Continuous-variable entanglement distillation and noncommutative central limit theorems

Entanglement distillation transforms weakly entangled noisy states into highly entangled states, a primitive to be used in quantum repeater schemes and other protocols designed for quantum communication and key distribution. In this work, we present a comprehensive framework for continuous-variable entanglement distillation schemes that convert noisy non-Gaussian states into Gaussian ones in many iterations of the protocol. Instances of these protocols include (a) the recursive-Gaussifier protocol, (b) the temporally reordered recursive-Gaussifier protocol, and (c) the pumping-Gaussifier protocol. The flexibility of these protocols gives rise to several beneficial trade-offs related to success probabilities or memory requirements, which can be adjusted to reflect experimental demands. Despite these protocols involving measurements, we relate the convergence in this protocol to new instances of noncommutative central limit theorems, in a formalism that we lay out in great detail. Implications of the findings for quantum repeater schemes are discussed.

Figure 1

An implementation of an individual building block with beam-splitter reflectivity $R$ for (a) single-mode states and (b) two-mode states. Generalization to $m$-mode states is straightforward as each additional party performs the same local unitaries.

Figure 2

Different protocols combining building blocks in ways. All building blocks use the same filter, $\Pi$, and are labeled with their beam-splitter reflectivity $R$. (a) The recursive-Gaussifier protocol; (b) the temporally reordered recursive-Gaussifier protocol; (c) the pumping-Gaussifier protocol; and (d) the compact distillery protocol.

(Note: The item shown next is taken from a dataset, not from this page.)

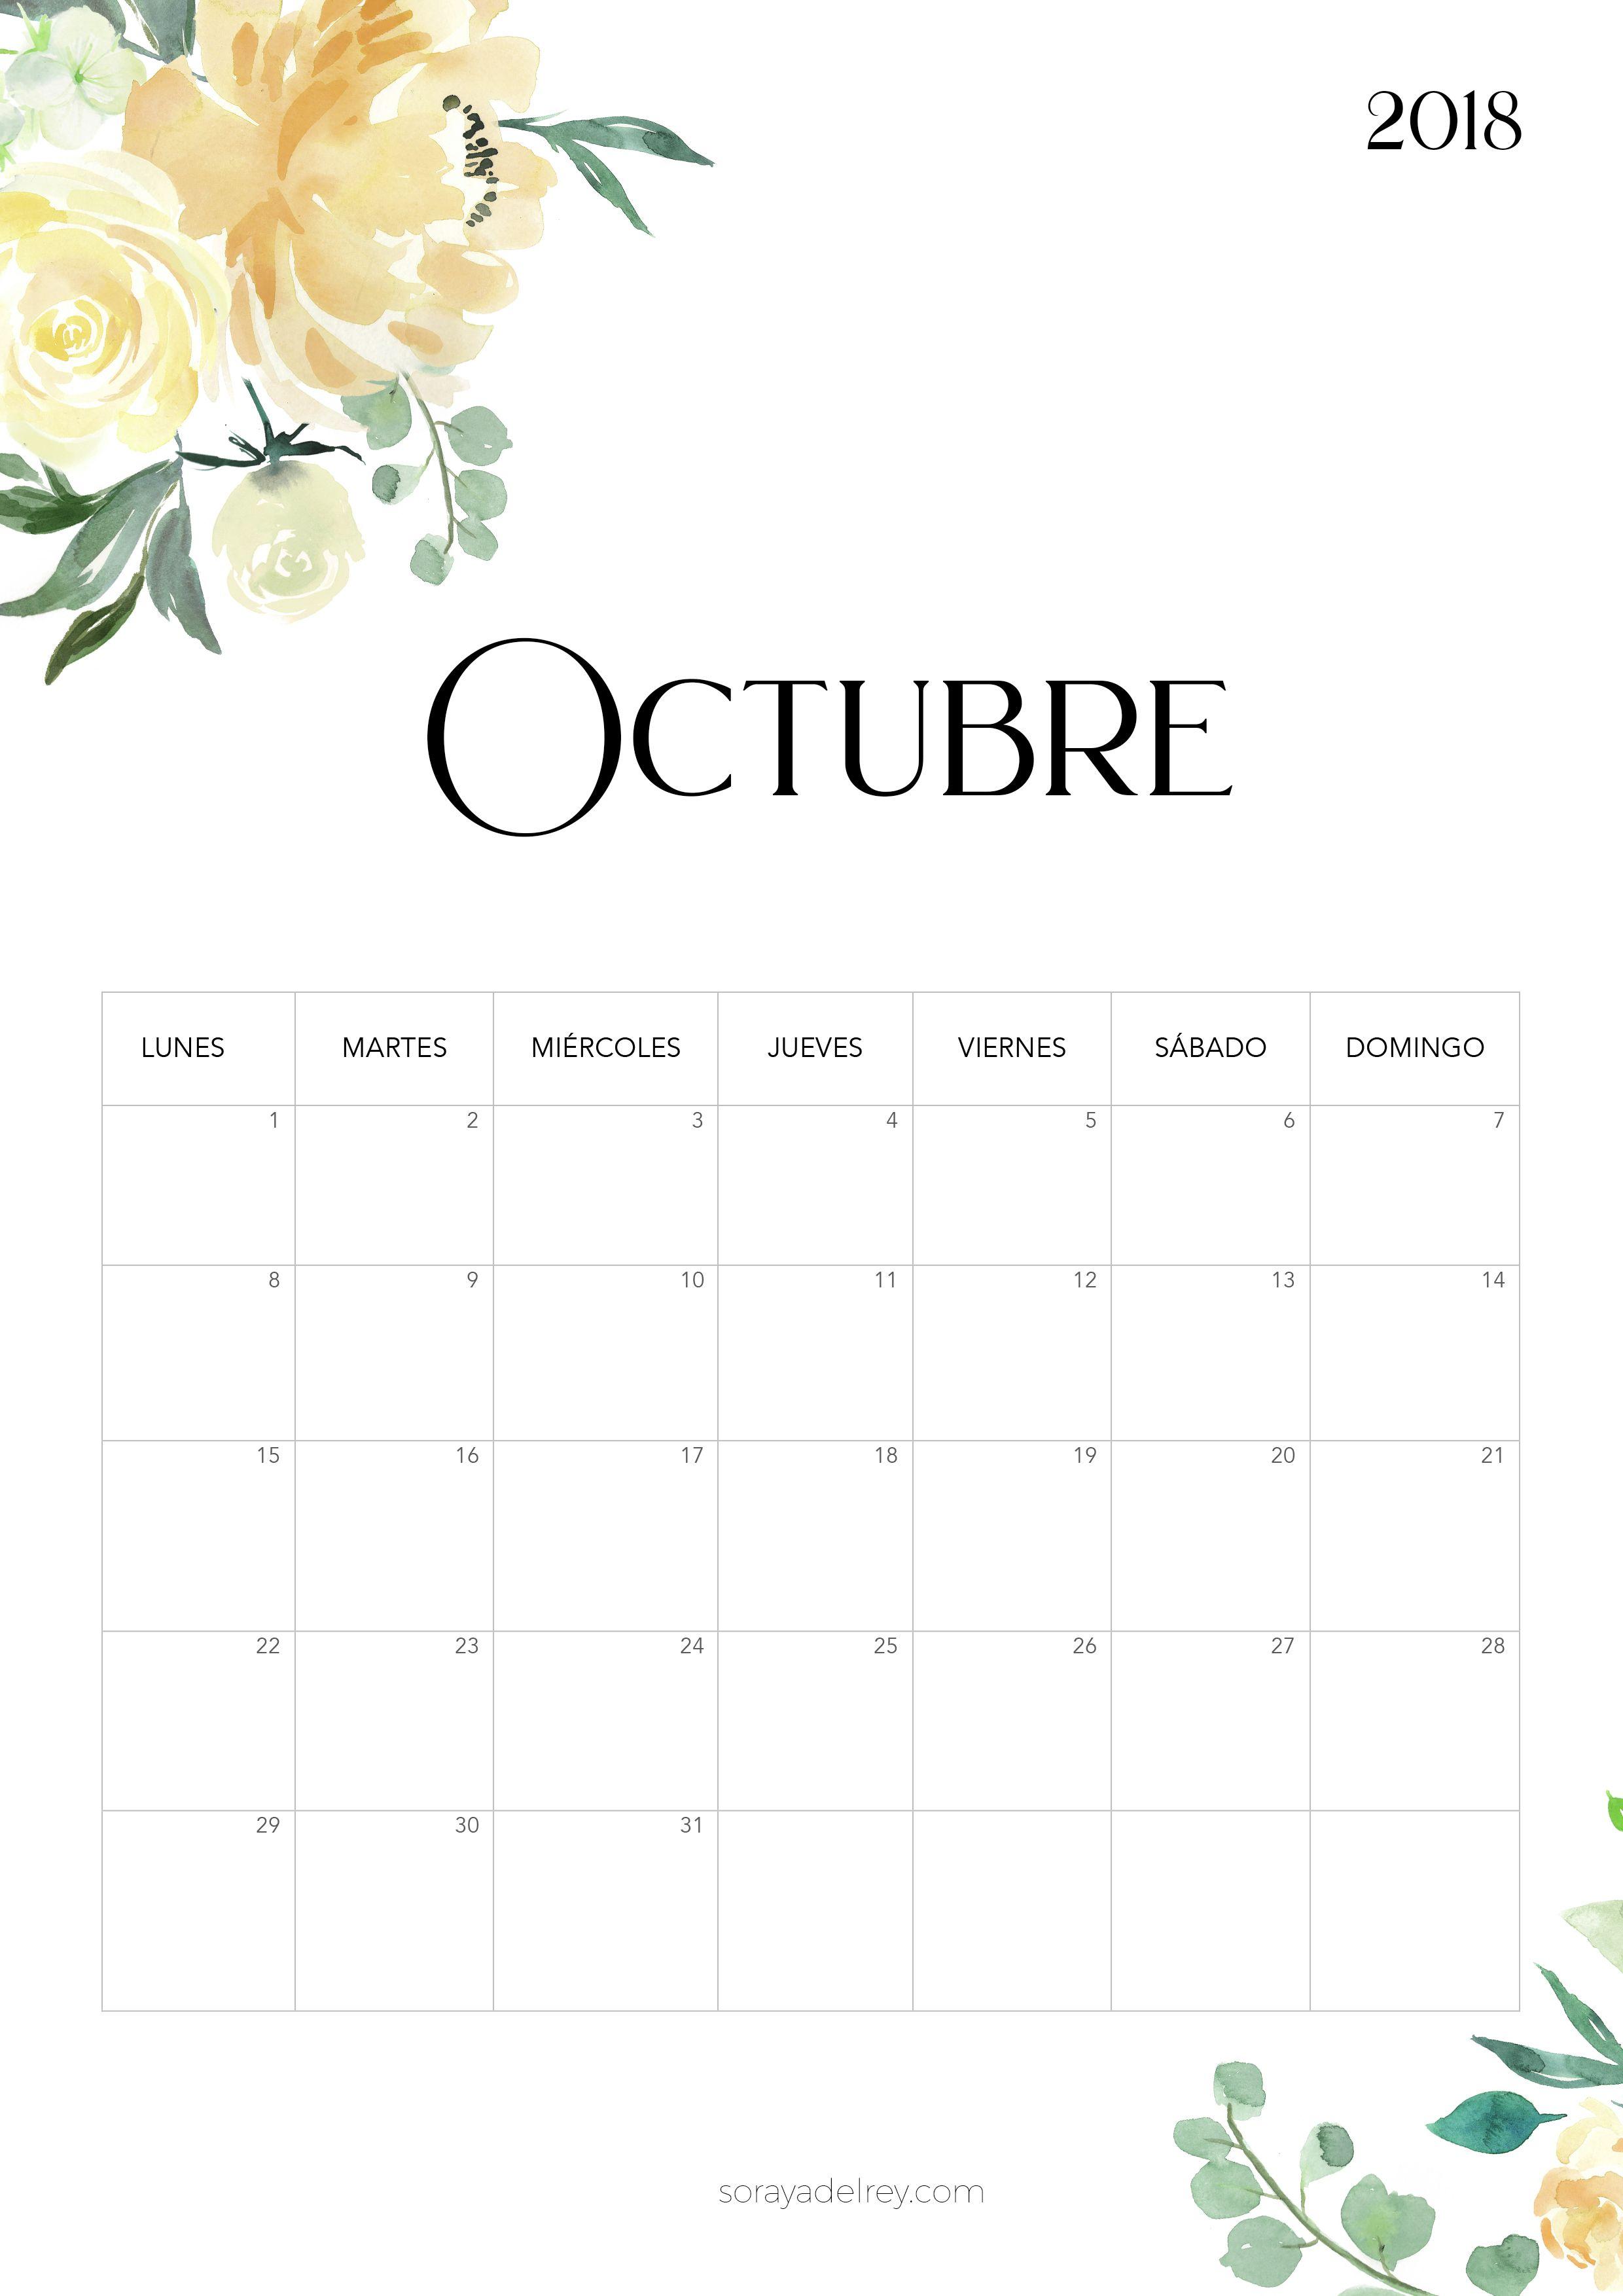 Semana Calendario.Calendario Para Imprimir 2018 2019 Costurero Calendario Para

The key shows how the building block labels compare with the variables used in Sec. 2.

Figure 3

A schematic of the CV repeater network considered here. Sources are assumed to produce a pure two-mode squeezed state of some chosen squeezing. Channels are predominately affected by attenuation, but also a small amount of room-temperature thermal noise. De-Gaussification is performed by photon replacement. Gaussification is performed as described here and in previous work using measurements projecting onto the vacuum, using many copies of the de-Gaussified state and asymptotically approaching a Gaussian state. Entanglement swapping uses deterministic optimal continuous swapping protocol.

Figure 4

The maximum attainable distance $L$ for a range of initial squeezing $r$ for which entanglement can be distributed. In plot (i) noise arises wholly from transmission between repeater stations, whereas in plot (ii) we incur an additional $50\%$ attenuation within each repeater station (see text for more details). Regions are shown for direct transmission and CV quantum repeater networks dividing the distance up into $m$ intervals. Some noteworthy terrestrial scales are shown at the top.